For your content marketing, you may be wondering what topics to focus on for your website’s home page, as the centerpiece and subject line of your e-newsletter, highlights on Facebook or Twitter, or for your next white paper or blog post.

To find the answer, consider yourself a DJ for your content.

What content will you play for your audience today? How will you mix it up so it’s new and fresh while not overly unusual? How will you know how much they like it?

Think of social media as your club floor, your blog as the radio, and your website as a wedding.

As a content DJ, you’ll want to do a mix of things:

  1. Play the favorites: Give the audience what it wants, whether it’s a series of posts on the most popular topics or reprinting popular posts from the last month or last year at the same time.
  2. Mix it up/add remakes: Reference or link to previous posts that make your point or other posts.
  3. Add in the new: This is where you show brand-new ideas and original perspectives.

In social media, you might want to devote a higher proportion of your promotions to new or experimental content, while on your blog you’ll focus on the mix and feature the most popular content on your website.

Start by identifying the “favorites. 

  1. Analyze the most-read topics over the past year using:
    • Google trends.
    • Analytics for your website, blogs, and social media channels.
    • The actions people take as a result of reading your material – call you, download a white paper, purchase your product, register for an event, etc.
  2. Look for patterns of usage – weekdays vs. weekends, time of day, monthly or seasonal.
  3. Weed out the one-time items – content spikes because of an event or situation that isn’t likely to recur.
  4. List the remaining topics in order of popularity.
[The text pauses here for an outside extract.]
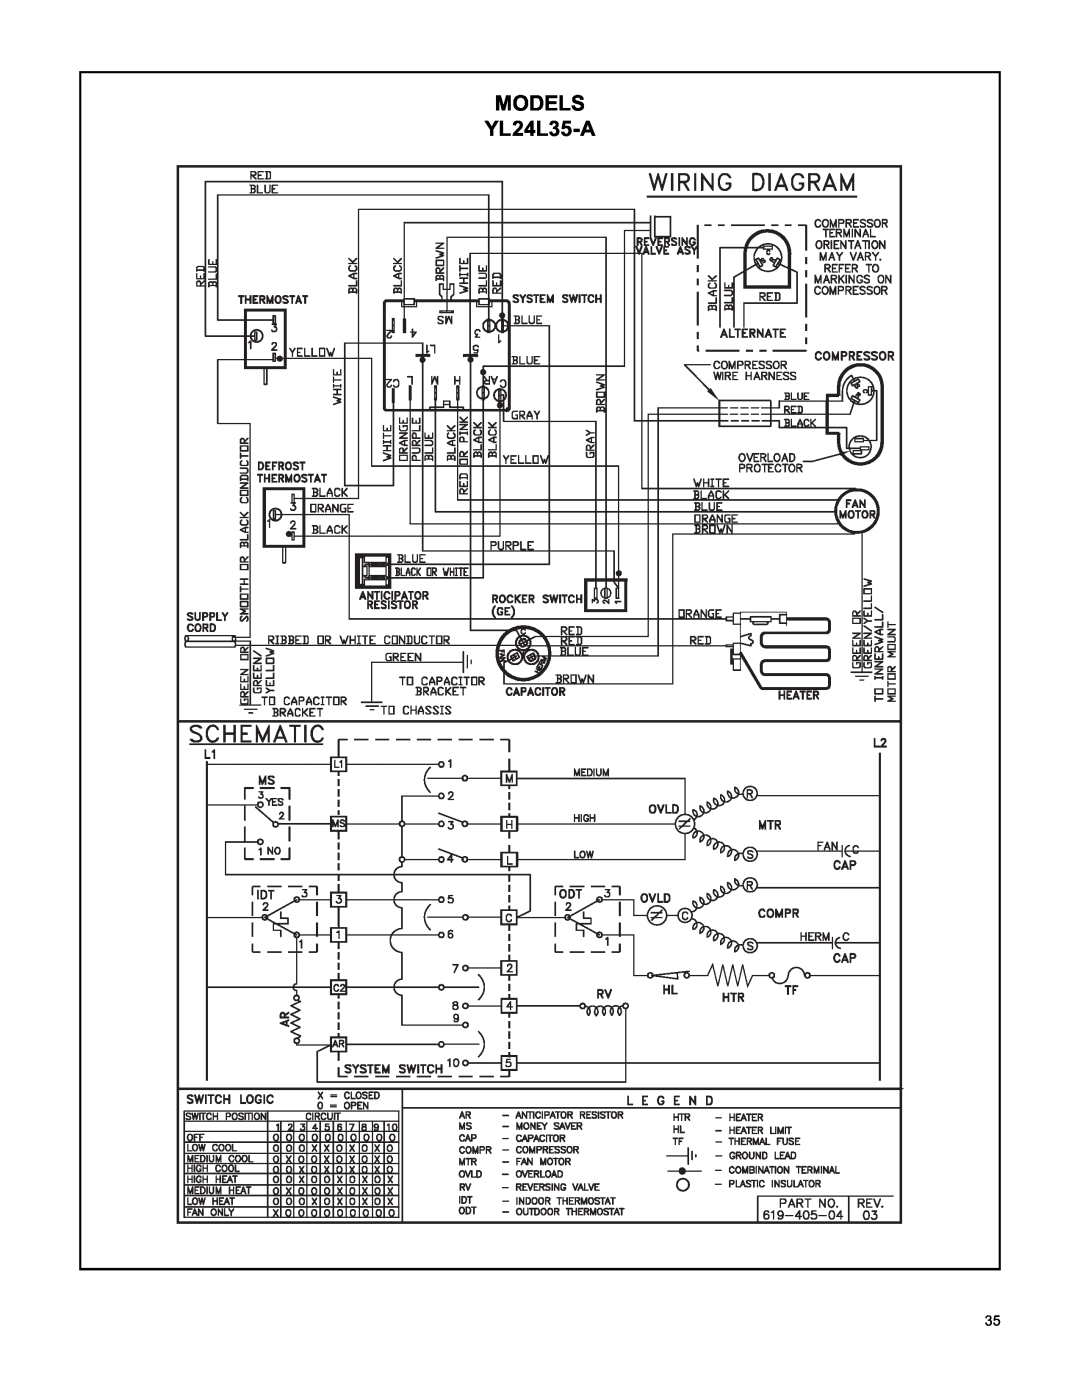 Friedrich RAC-SVC-06 service manual YL24L35-A, Models

It’s likely there will be a small number at the top and then a long tail of others. The top topics are the favorites.

Will the audience get bored reading about this small set of topics frequently? Quite the contrary – audiences want to go deeper into the subjects that interest them the most. And there are so many ways to examine the same topics from different angles and different levels of specificity, using real-life stories, checklists, roundups, etc.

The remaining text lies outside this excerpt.